We organize events, programs, workshops and resources that help support a local food economy.

The Pre-Columbian Amazonian Black Earth Re-emerging Today: A Source of Global Regeneration
By Frédérique Apffel-Marglin, Founder and Director, Sachamama Center for Biocultural Regeneration
October 15, 6:00 pmCo-sponsored by the UWSP College of Natural Resources International Programs Committee

Working with Indigenous communities in the Peruvian Highlands, the Sachamama Center has recreated the black earth of the Amazon (which Brazilians call terra preta de indio and the locals call by its Quechua name: Yana Allpa) using biochar, compost, and forest micro-organisms.  The local Kichwa-Lamista people have a tradition of making offerings to the spirits of the earth, which are included as part of the soil building and agricultural practices.  These methods and practices are applicable throughout the world to sequester carbon, build soil, and maintain/re-create cultural traditions.  During this presentation and conversation, Frederique will share the work of the Sachamama Center in Peru and discuss its application here and across the world.

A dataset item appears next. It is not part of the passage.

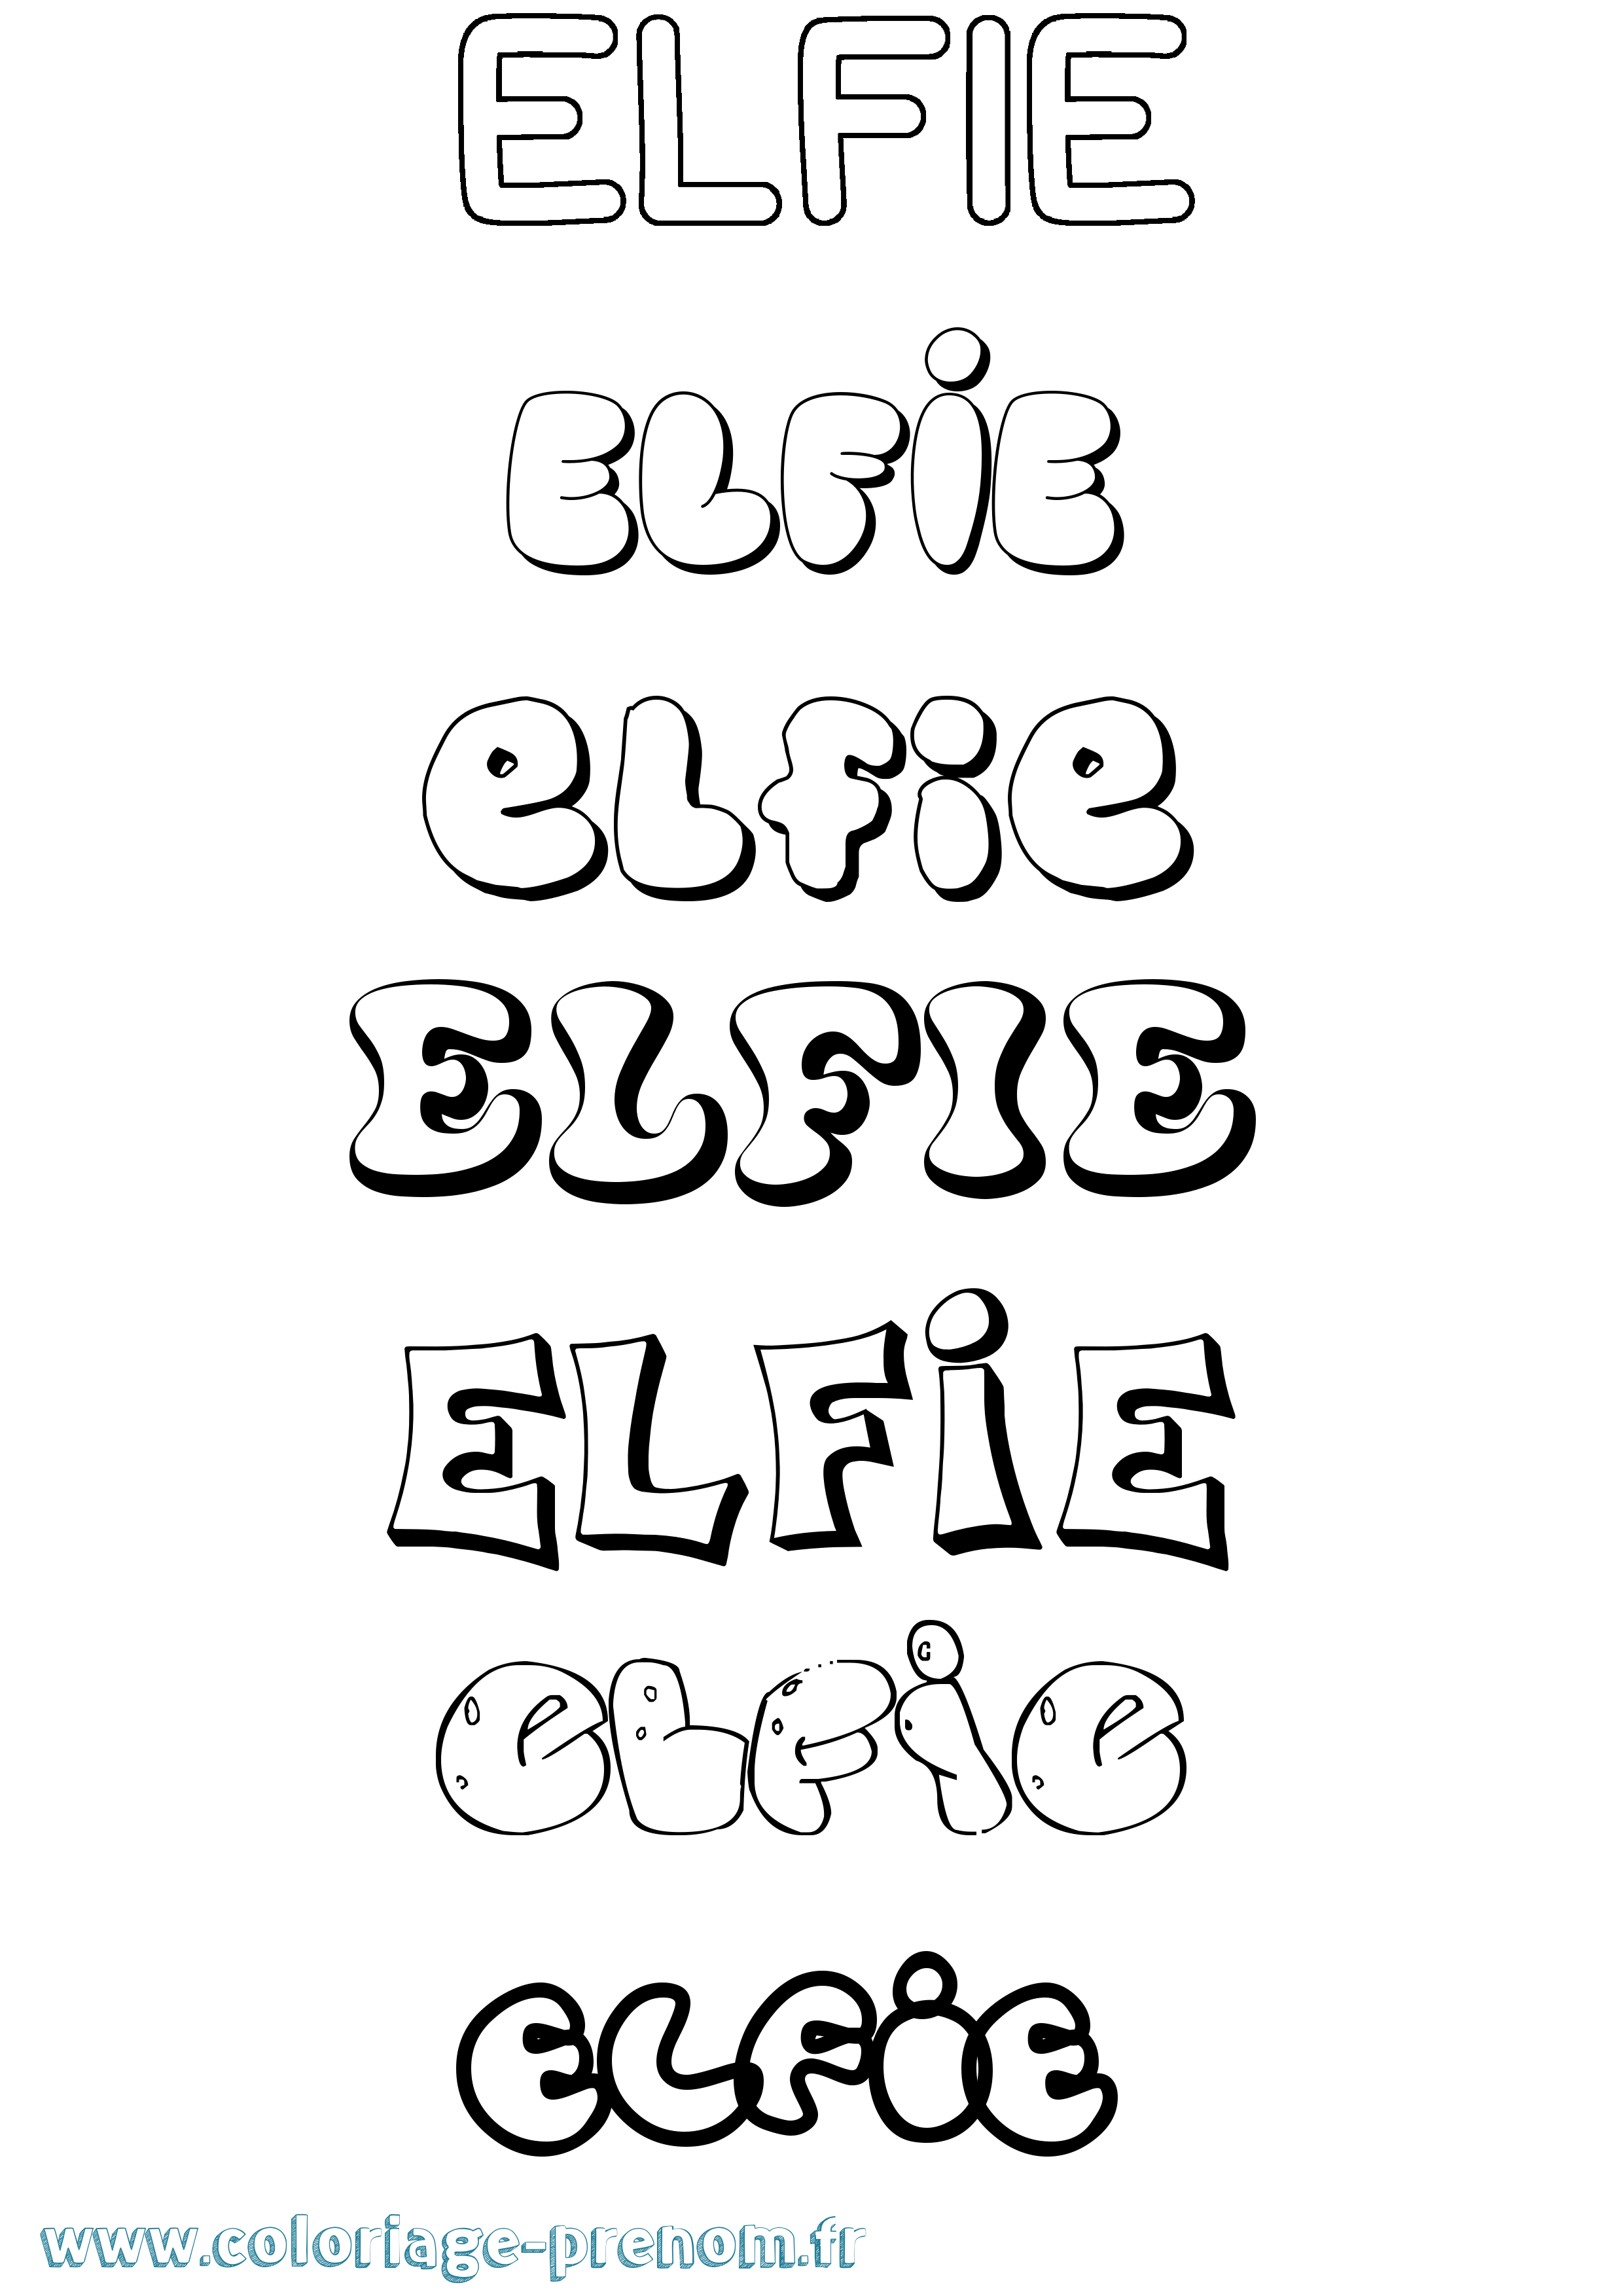 Coloriage prénom Elfie Bubble

Frédérique Apffel-Marglin, PhD. is Professor Emerita, at Smith College and distinguished visiting professor at the College of the Environment in Wesleyan University (2013-14). She founded Sachamama Center in 2009 which she directs and finances. She has spent years in India and Peru working with indigenous peoples and farmers. She was a research associate at the World Institute for Development Economics (WIDER) in Helsinki, a part of the United Nations University, for several years in the 1980’s and early 1990’s. Along with the Harvard economist Stephen A. Marglin, she has directed several research projects questioning the dominance of the modern paradigm of knowledge.  Since 1993, she has been invited to collaborate with activist/intellectual groups in Peru and Bolivia and with one of them, PRATEC, has published The Spirit of Regeneration: Andean Culture Confronting Western Notions of Development (Zed Books & St. Martin press, 1998).  Her penultimate book based on her work in Peru is entitled Subversive Spiritualities: How Rituals Enact the World (Oxford, New York 2011).  More information about Frederique and the Sachamama Center is available at: http://www.casasangapilla.com/sachamamain/

Then the following week:
Peru: Learning and Applications for our Farmshed
By Jeremy Solin
October 22, 6:00 pm
Jeremy will share what he learned in Peru and its application in central and northern Wisconsin.  A free-will offering will be requested to support Farmshed’s Greenhouse Project.